The Habits of Individuals
The brain converts a sequence of actions into an automatic routine through a process called “chunking.” It does this, in part, to save energy.
Left to its own devices, the brain will try to make almost any routine into a habit, because habits allow our minds to ramp down more often.
But ramping down thought can carry risks. What if the brain’s autopilot misses a key indicator (e.g. the presence of a predator)? To balance this the brain front-loads a large amount of effort to look for a cue as to what pattern (if any) to rely on. Much of this happens without our conscious thought.
So unless you deliberately fight a habit—unless you find new routines—the pattern will unfold automatically.
We can end up developing habits without an awareness of the conditions or cues that led us to them. And yet minor adjustments to an environment or cue can break even long-standing habits. The challenge is more one of awareness than one of effort.
Claude Hopkins, an early advertising pioneer, landed on two rules that guide human psychology:
- Find a simple and obvious cue.
- Clearly define the rewards.
That alone can drive adoption. And once a routine is adopted we start to build a craving for the reward. To really change our habits, then, requires us to gain awareness of our cravings and the rewards we’re anticipating.
Champions don’t do extraordinary things. They do ordinary things, but they do them without thinking, too fast for the other team to react.Tony Dungy
To change a habit we have to keep the old cue and old reward but change the routine. Because once grounded our old habits are near impossible to eradicate; its far better to focus on shifting or replacing them. Once we’re aware of how our habits work and what cues drive us we’re a large part of the way toward changing them.
Replacement habits only become durable, though, when they’re accompanied by a strong belief and community. Otherwise they will often fall apart at times of peak stress. It’s communities that make change believable.
When people join groups where change seems possible, the potential for that change to occur becomes more real.
The Habits of Successful Organizations
Key to changing overall systems is the idea of a keystone habit; these matter most.
The habits that matter most are the ones that, when they start to shift, dislodge and remake other patterns.
These keystone habits offer small wins, but are difficult to detect. Small wins, though, take a small advantage and build it into a pattern that enables larger gains.

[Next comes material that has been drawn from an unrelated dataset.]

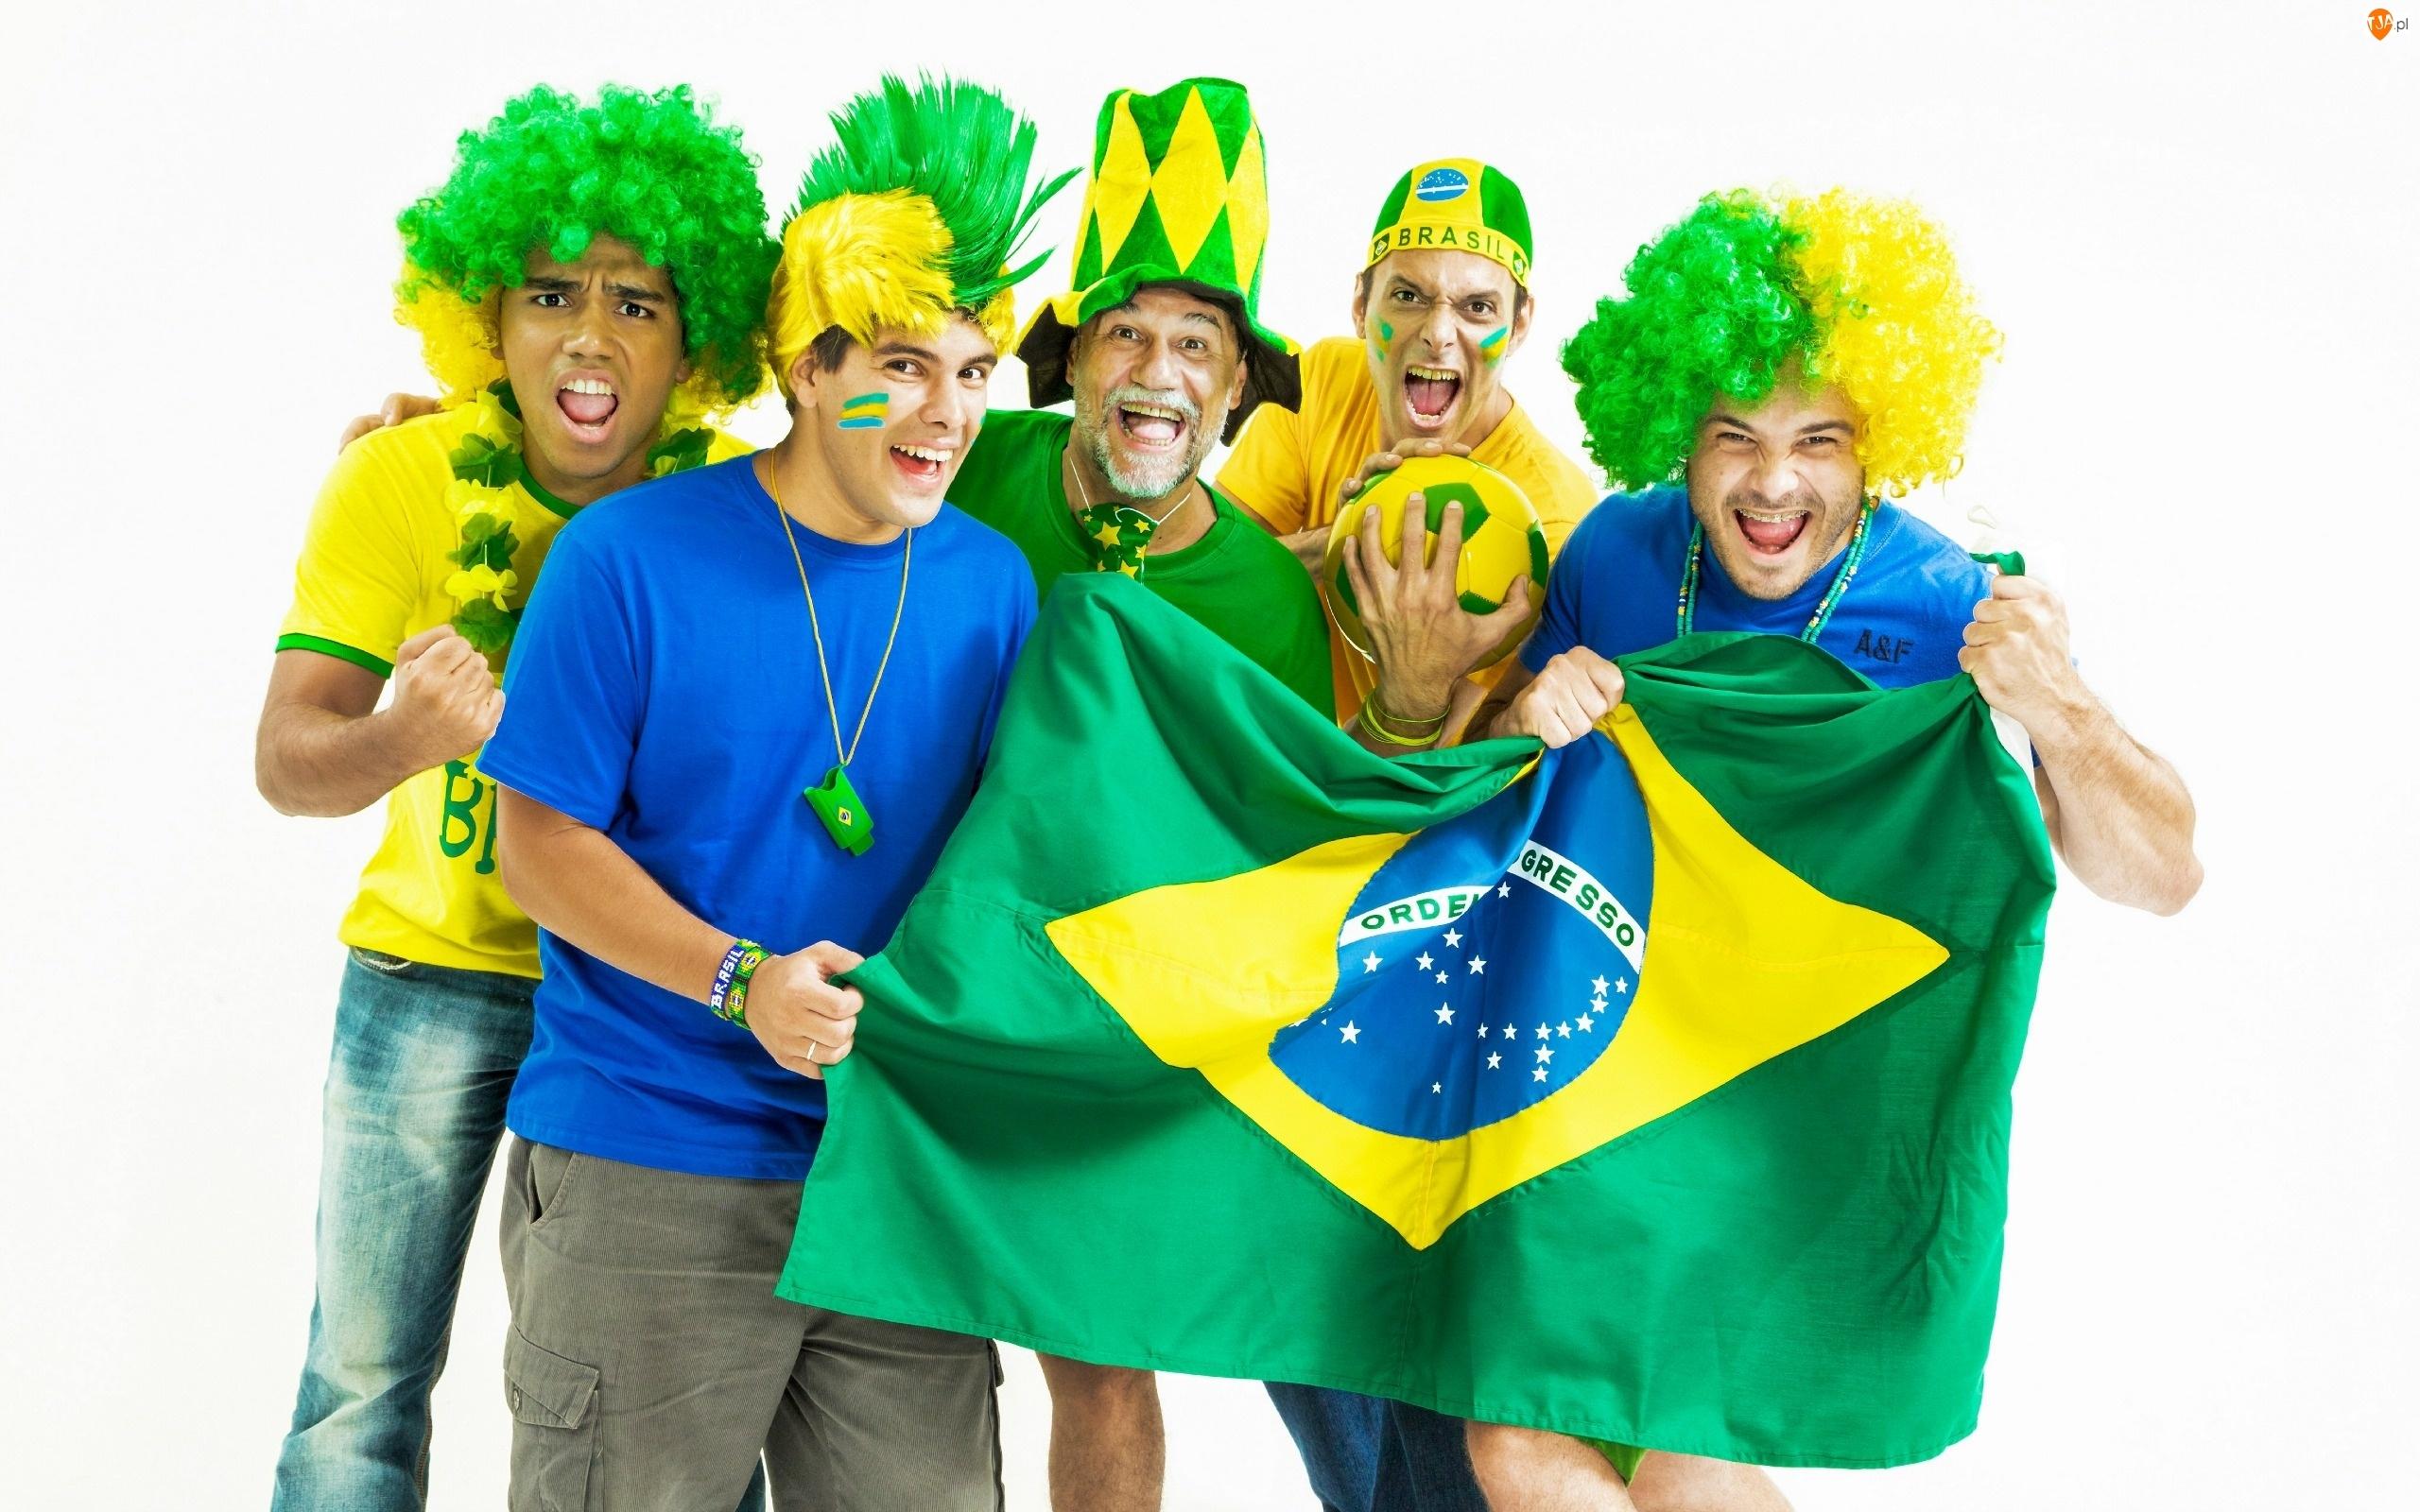 Flaga, Świata, Brazylijscy, 2014, Kibice, Mistrzostwa

More common is the circumstance where small wins are scattered…like miniature experiments that test implicit theories about resistance and opportunity and uncover both resources and barriers that were invisible before the situation was stirred up.Karl Weick
Keystone habits encourage change by creating structures that help other habits flourish. They also help to create a culture where new values become ingrained.

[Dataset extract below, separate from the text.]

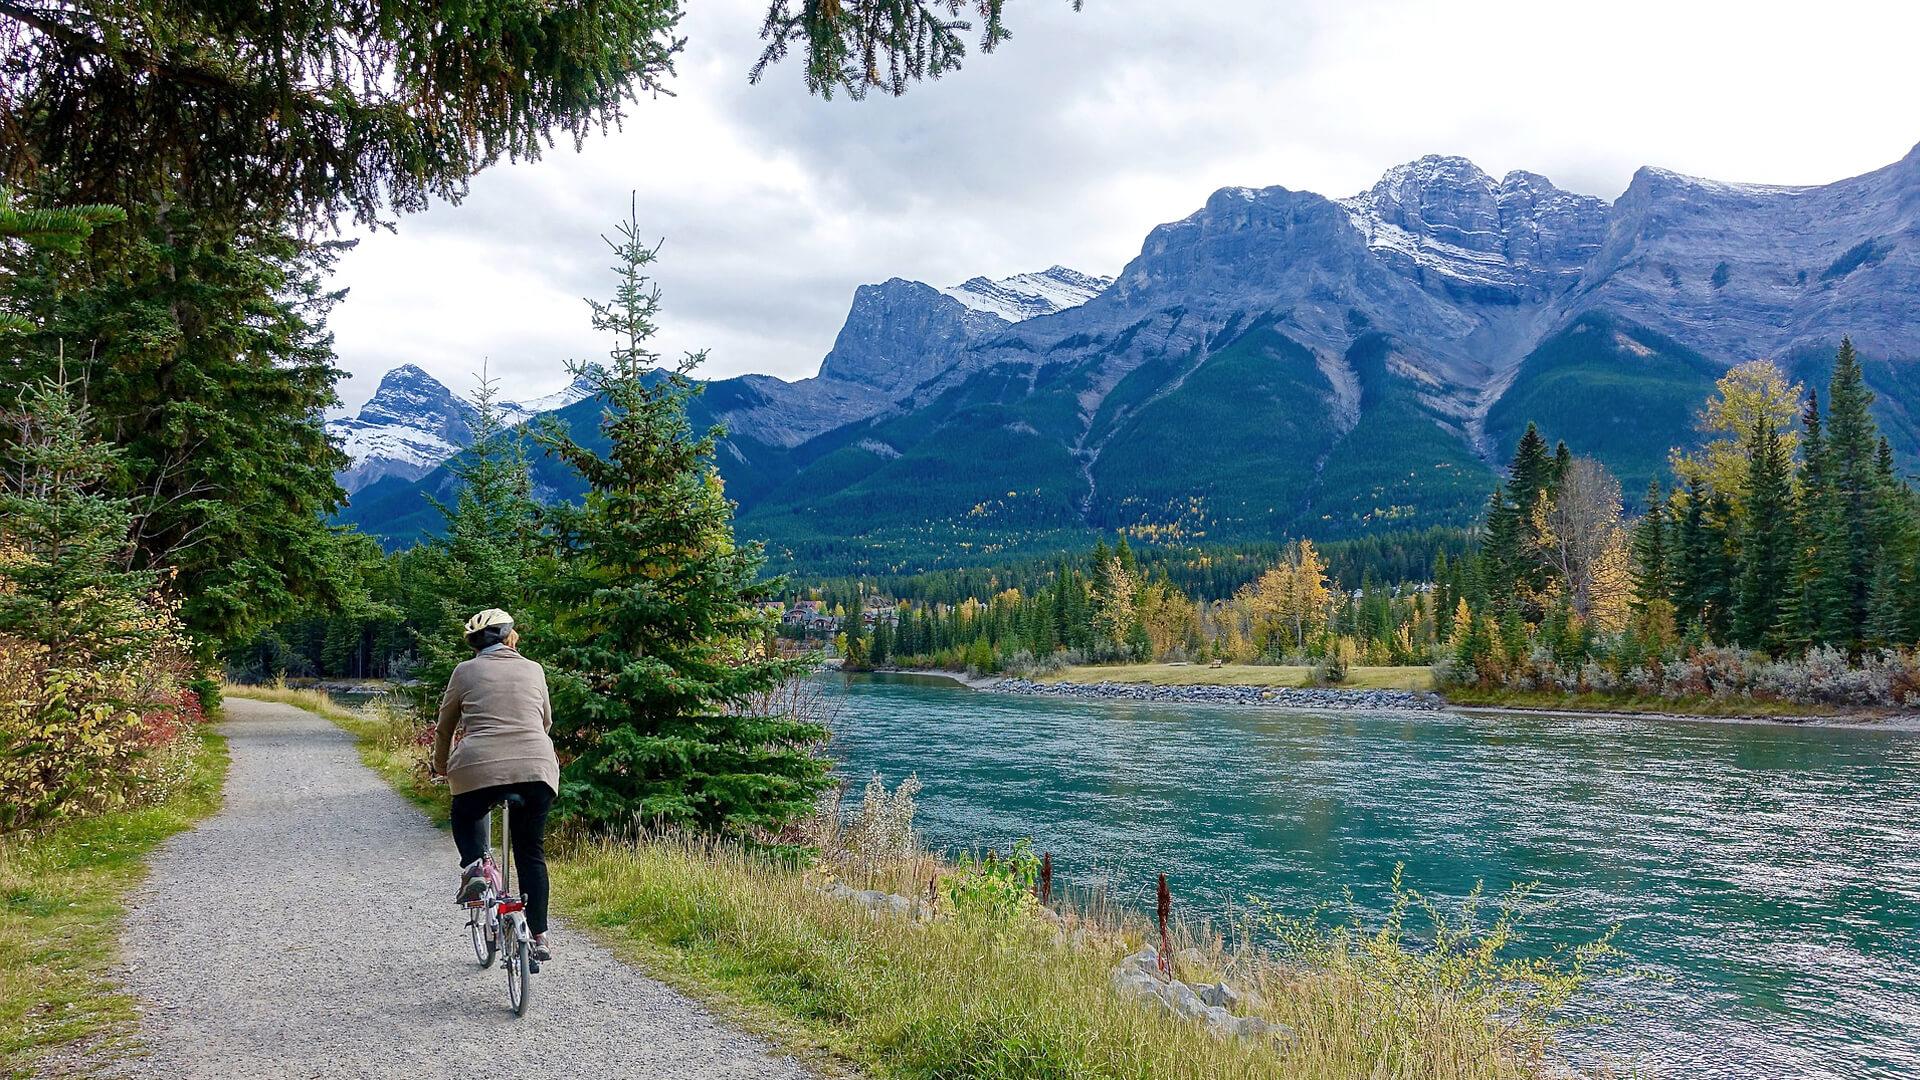 Radfahren in Garmisch-Partenkirchen – Fahrrad fahren in den Bergen

Duhigg argues that willpower is the single most important keystone habit to unlocking individual change. Research during the 1980s viewed willpower as a learnable skill. That view has evolved over time:
Willpower isn’t just a skill. It’s a muscle, like the muscles in your arms or legs, and it gets tired as it works harder, so there’s less power left over for other things.Mark Muraven
Once willpower becomes stronger it can influence everything. One of the best ways to train it is to practice in advance for the rough patches. Write out plans for how to handle a difficult situation, create a strategy for managing pain after surgery, make things more straightforward for your future self.
There are no organizations without institutional habits. There are only places where they are deliberately designed, and places where they are created without forethought, so they often grow from rivalries or fear.
These organizational habits lead to decisions often being made on past routine, not on deliberation. They’re necessary for a large group to function, though. They can also be deeply rooted and resistant to change.
A crisis can often present an opportune time to change routines. Past organizational habits become malleable and previous objections drop in the face of crisis. There’s even sometimes value in prolonging the feeling of a crisis in order to more deeply reset things.
The Habits of Societies
Duhigg cites three conditions as prerequisite for a social movement:
- The social habits of friendship (movement formation).
- The habits of a community (movement growth).
- The endowing by leaders of new habits that create a fresh sense of identity (movement endurance).
To modify a habit, you must decide to change it.